START Input records

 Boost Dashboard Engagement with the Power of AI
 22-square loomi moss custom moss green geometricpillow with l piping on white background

END Input records
START Input records

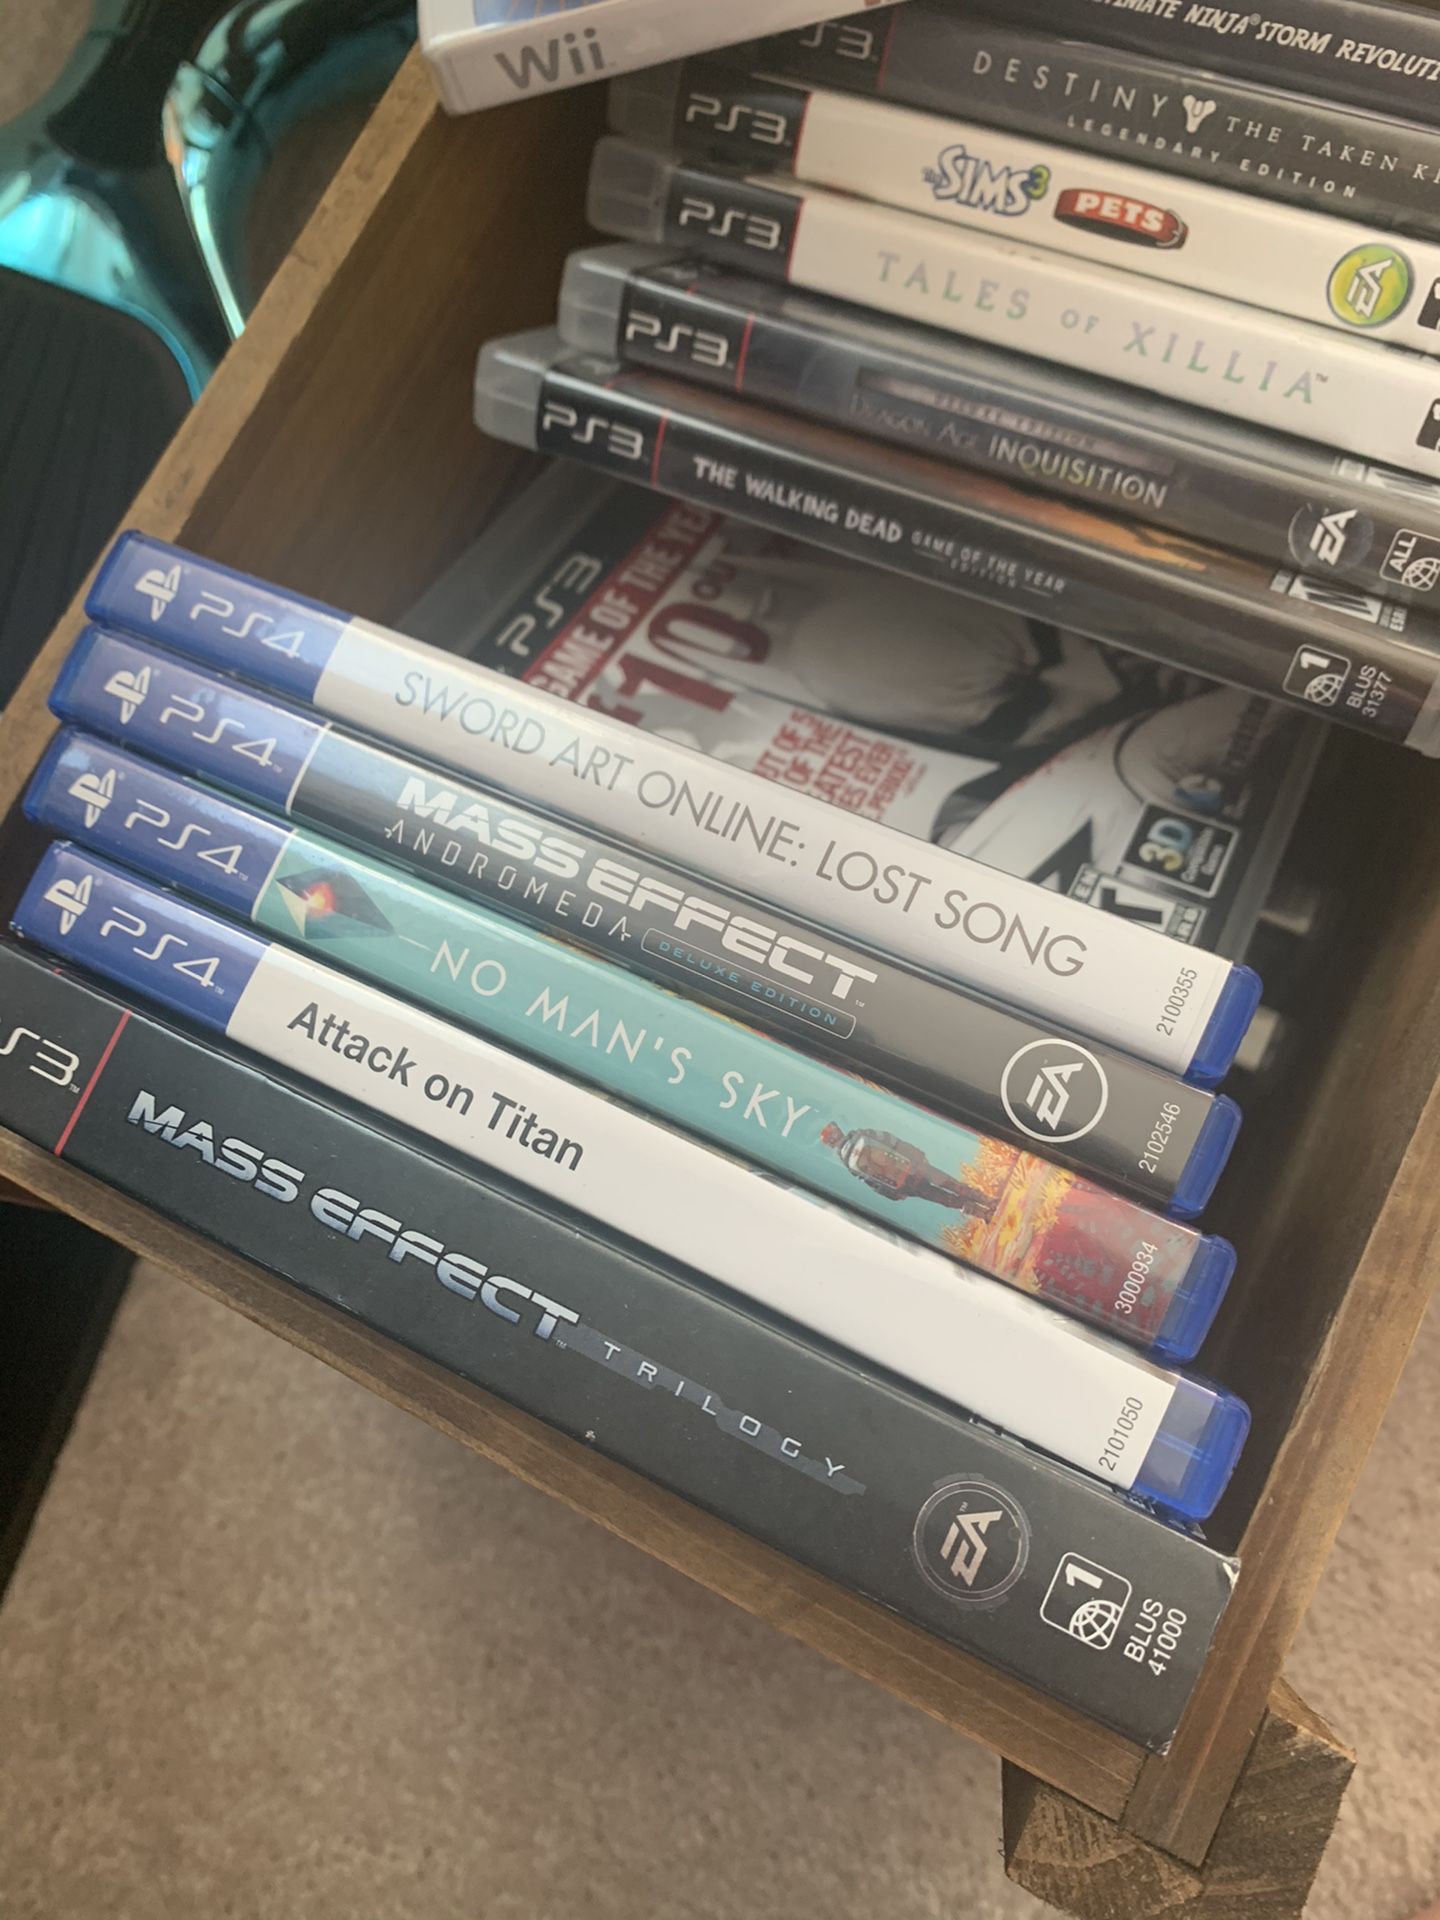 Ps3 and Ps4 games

END Input records

§ What to work on
Your answer should consist of the lines from the line with "Boost Dashboard Engagement" to the line with "22-square loomi moss" above, repeated exactly, both ends included.

§ Expected answer
 Boost Dashboard Engagement with the Power of AI
 22-square loomi moss custom moss green geometricpillow with l piping on white background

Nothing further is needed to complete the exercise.